Celebrate the Body Erotic was, as always, a fantastic experience. Slightly smaller group, I think (28, including the staff), but the energy was fantastic. My impression was that while there were, as always, some men with wounds to explore, there seemed to be less crying and more laughter this time around on Sunday (for those who haven’t been, on the final day there’s a long, focused massage that frequently is a very strong emotional experience for those being massaged).
For my own part, I did laugh again on Sunday, but not quite as much as I did the previous two times I’ve done this workshop. The laughter started earlier in the session, but it died down and the feeling I got was more one of energy building up inside, like the qi (probably more specifically jing qi) kept accumulating until the end when I had to gather and release it upward (away from other participants). I repeatedly had to throw the energy off – it was too much to hold onto for long. But while I had it and could play with it? Wow. Even now the thought makes me tingle.

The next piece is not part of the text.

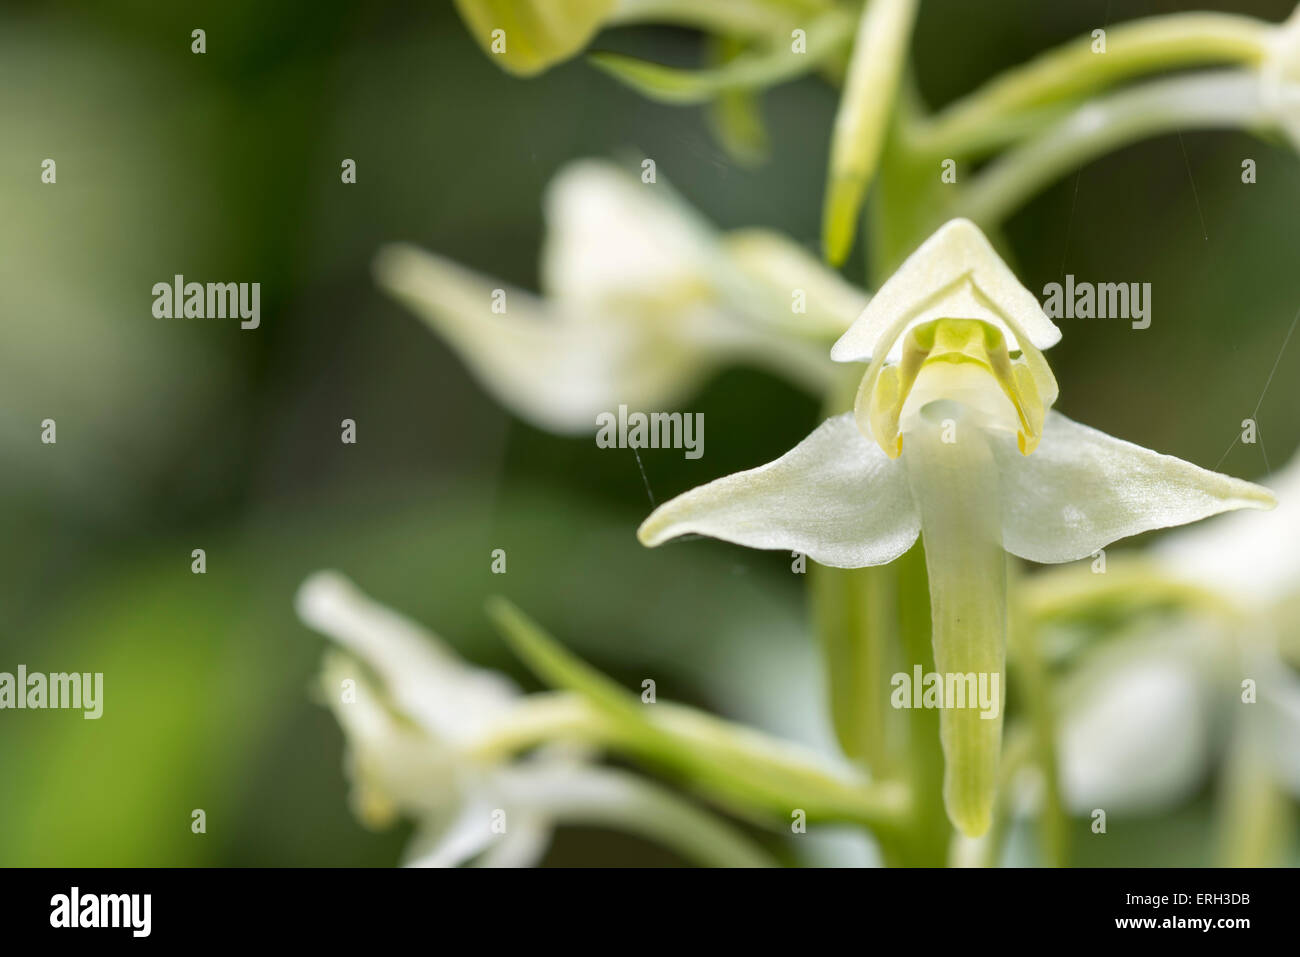 Close up of a Greater Butterfly Orchid flower showing the widely separated pollinaria (pollen sacs) Stock Photo

The time spent down, with good food, friendly men, fresh air, good sleep, and lots and lots of touch was exactly what I needed. With this foot injury I have been withdrawn from my body, ignoring it while it healed, and not living inside of it. Not a healthy thing to do. So getting back to that, and reconnecting with it was precisely what I needed right now (though my “you-haven’t-been-running” calves are now telling me how much I haven’t been using them today!). I’m very glad I had made the decision to do this session this year. I think I’d like to do one of the week-long ones this upcoming year.
I highly recommend these to anyone and everyone (and yes, they have them for straight folks and couples, too). It’s not going to be everyone’s cup of tea, but I have found it very useful in my life.
So today I’m just sort of lounging and processing. I’ll do some errands later, but in the meantime I’m enjoying just being.